The New Marlin 1895 Trapper is A Lot Like the Old One—Only Better
If you’re looking for a lightweight, handy .45/70 lever gun, it’s hard to beat the 1895 Trapper
Marlin’s new 1895 Trapper was the only lever-action rifle included in our 2022 rifle test, but it received exceptional marks, quite frankly, because it is an exceptional rifle. The Trapper marks the second new lever gun from the new Marlin, which is now under the control of Ruger. But the Trapper is not new to the Marlin lineup. When Remington owned and operated Marlin—pre-2020—they also offered a Trapper. Essentially, this new Trapper is the same rifle, but with a few refinements.
Marlin 1895 Trapper Features and Specifications
- Length: 34.25 inches
- Weight: 7.1 pounds
- Barrel: Cold hammer forged, 16.1 inches, with threaded and capped muzzle
- Action: 1895 stainless steel
- Trigger: 3.75-pounds (as tested)
- Finish: Matte stainless steel
- Stock: Black, laminated hardwood
- Available Chamberings: .45/70 Government
One of the first things you’ll notice about the Trapper is it has a matte stainless-steel finish. This is ideal for hunting, and combined with the very dark laminated wood stock, it gives the rifle an air of seriousness. The butt stock and forend are also tastefully checked and there’s a thick butt pad that you’ll appreciate when you get behind this rifle on the bench. The barrel measures 16.1-inches long and the magazine tube extends nearly to the muzzle. It’s just short enough to permit the attachment of a suppressor or a muzzle brake to the 11/16×24-inch-pitch threaded barrel.
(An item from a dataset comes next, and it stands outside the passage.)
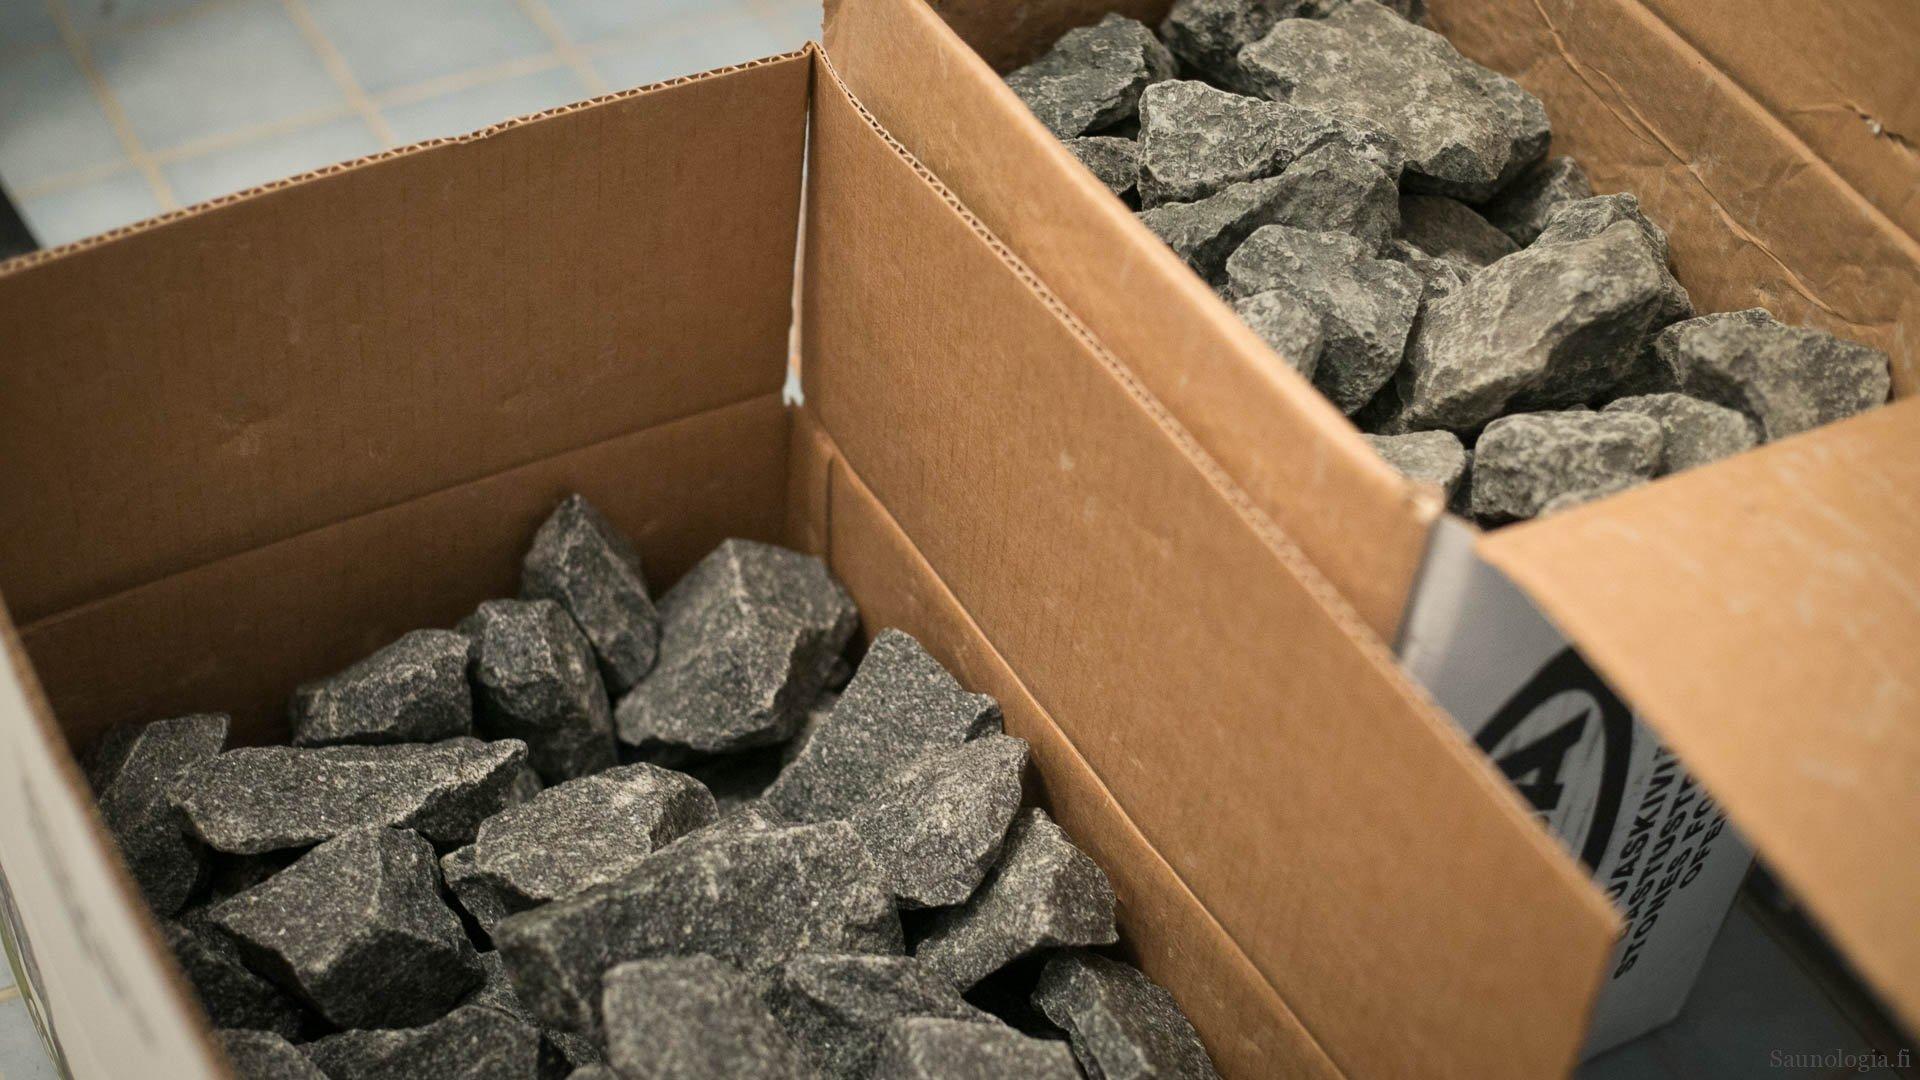 180109-kivienvaihto-pieni-kivilootat

The Trapper is also equipped with a fully adjustable Skinner aperture rear sight, and a Skinner Bear Buster front sight. This is a great combination for a short-barreled thumper like the Trapper, but during our test, we felt there was a better option, especially since we wanted to mount a riflescope. We replaced the factory rear sight with a similar Skinner sight that is grooved to accept Talley scope rings. We also mounted Leupold’s excellent and extremely light and compact, FX-II Ultralight 2.5x20mm riflescope, and zeroed the rifle with mid-level .45/70 loads.
With mid-range loads like Federal’s HammerDown, the Trapper was jumpy, especially at the bench. At 100 yards, most of our groups were in the 1.75 to 3-inch range, but keep in mind we were shooting with a 2.5X optic. At 50 yards, most of the loads nearly stacked the bullets on top of each other. When shooting off-hand we found the lightest .45/70 loads very comfortable and the mid-range loads were much less aggressive. It’s not so much that this seven-pound rifle pounds your shoulder, it’s that it likes to buck. Muzzle jump is pronounced with heavy loads, and with some loads, you’ll see a beachball-sized fireball at the muzzle.
Where this rifle really shined was in how it handled. In hand, it feels as nimble as a claw hammer—it’s fast to your shoulder and just as fast on target—but when you start pulling the trigger, the Trapper turns into a sledgehammer. By lever-action standards, the trigger is marvelous and breaks crisply at 3.75 pounds. The rifle performed exceptionally well on our practical hunting test, and all our test participants fawned over it like it was a jacked-up, tricked-out, four-wheel drive, with a big block under the hood.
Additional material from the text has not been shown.